A six-week dose-response study of the ocular hypotensive effect of dorzolamide with a one-year extension. Dorzolamide Dose-Response Study Group

Abstract

Purpose: To investigate the efficacy and dose-response relationship of three concentrations (0.2%, 0.7%, and 2.0%) of dorzolamide hydrochloride in lowering elevated intraocular pressure (IOP) in patients during a six-week period and to evaluate the efficacy of 0.7% and 2.0% dorzolamide administered for an additional year.

Methods: This prospective, double-masked, randomized, placebo-controlled, multinational study enrolled 333 adults with open-angle glaucoma or ocular hypertension.

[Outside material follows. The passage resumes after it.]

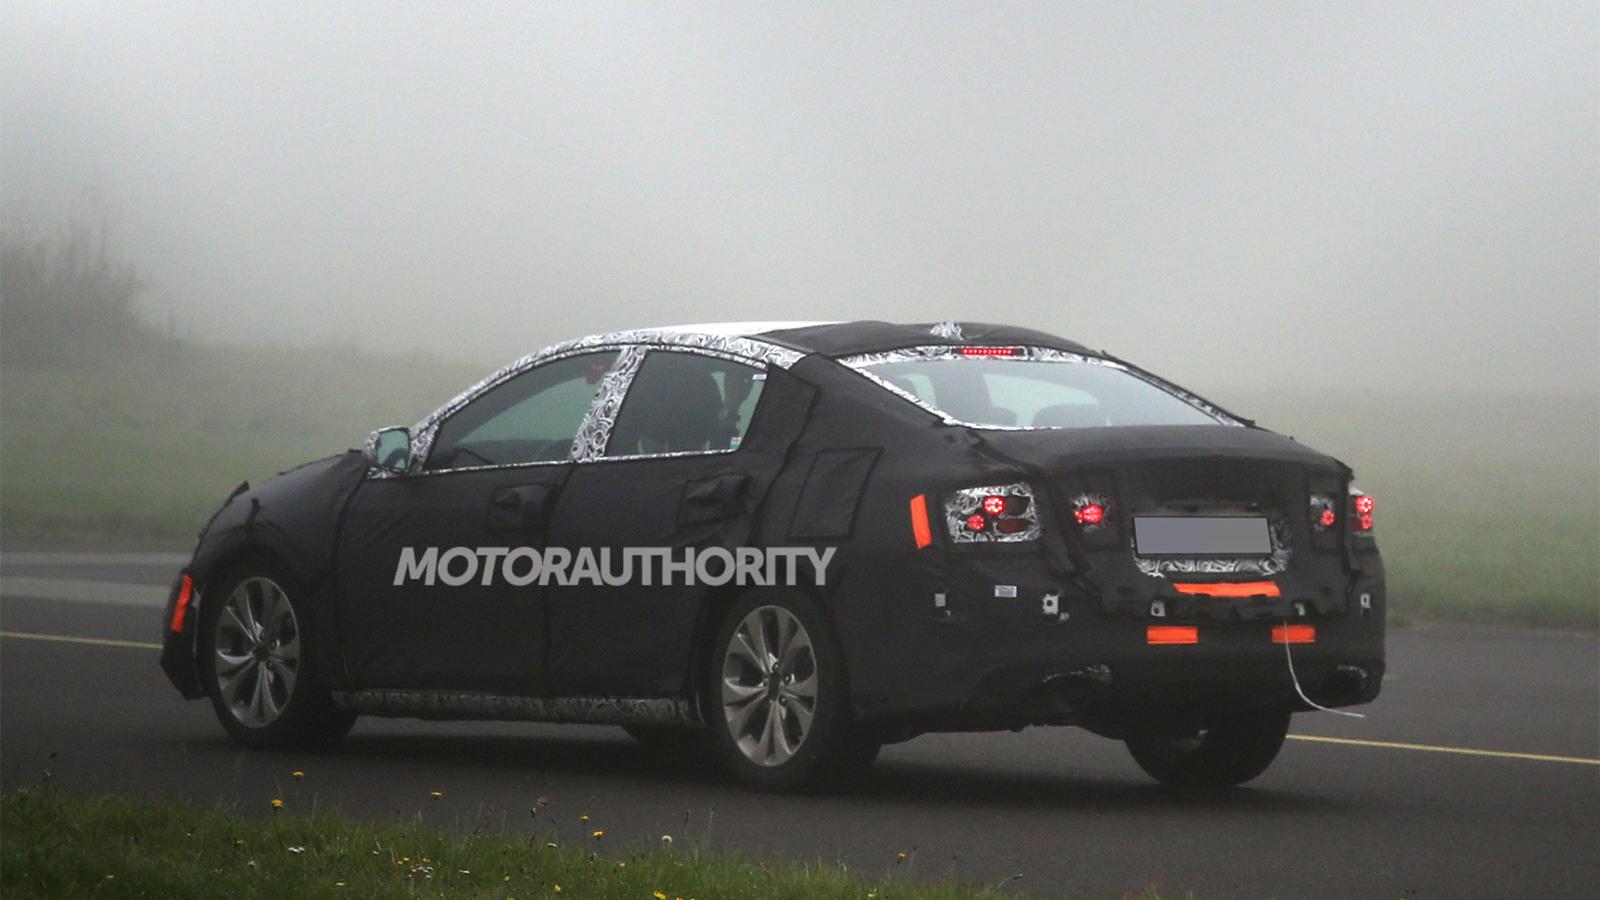 2016 Chevrolet Malibu spy shots

During the six-week dose-response phase, patients were randomized to thrice-daily dosing of four treatments: 0.2%, 0.7%, or 2.0% dorzolamide or placebo (vehicle of dorzolamide). During a one-year extension, patients received 0.7% or 2.0% dorzolamide, and, if needed, 0.5% timolol twice daily for elevated IOP.

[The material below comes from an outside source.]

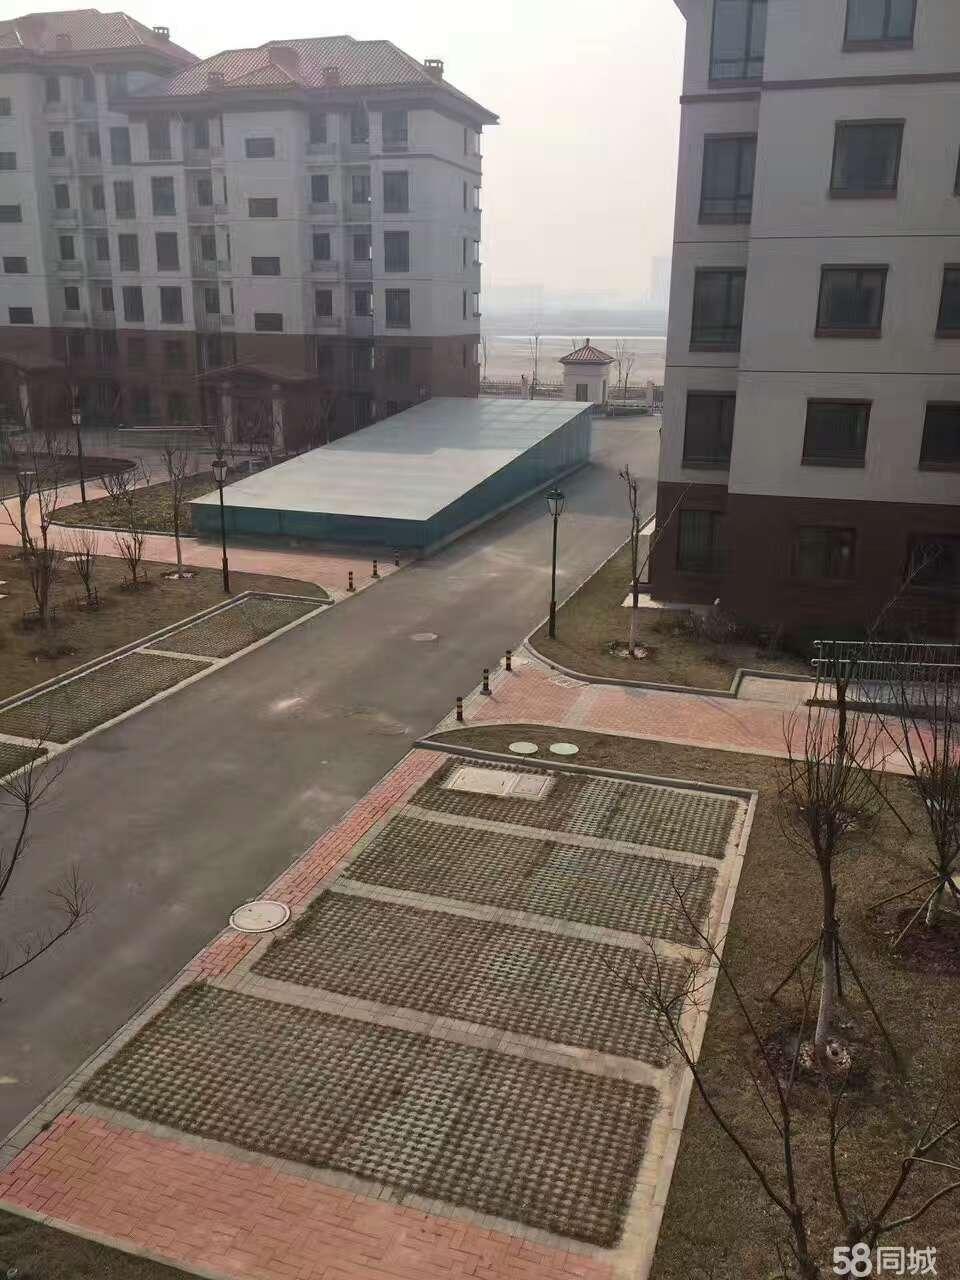 滨海新区楼盘排行榜,2020天津滨海新区热门楼盘大全... -安居客

Results: In the dose-response phase, mean percent reduction of IOP (peak) was 16% to 18% for 2.0% and 0.7% dorzolamide and 4% to 7% for the placebo group, for a net reduction of IOP by dorzolamide of 11% to 14%. The 0.2% concentration of dorzolamide was not sufficiently active for further consideration. During the extension, dorzolamide maintained an adequate reduction of IOP in 55% (174 of 316) of patients. Throughout the study, the reduction in IOP was numerically greater for patients receiving 2.0% vs 0.7% dorzolamide. After 12 months of receiving dorzolamide, 20% to 28% of total carbonic anhydrase activity was observed.

Conclusions: Topical dorzolamide used three times daily in concentrations of 0.7% or 2.0% lowered IOP and was generally well tolerated as monotherapy or in combination with 0.5% timolol.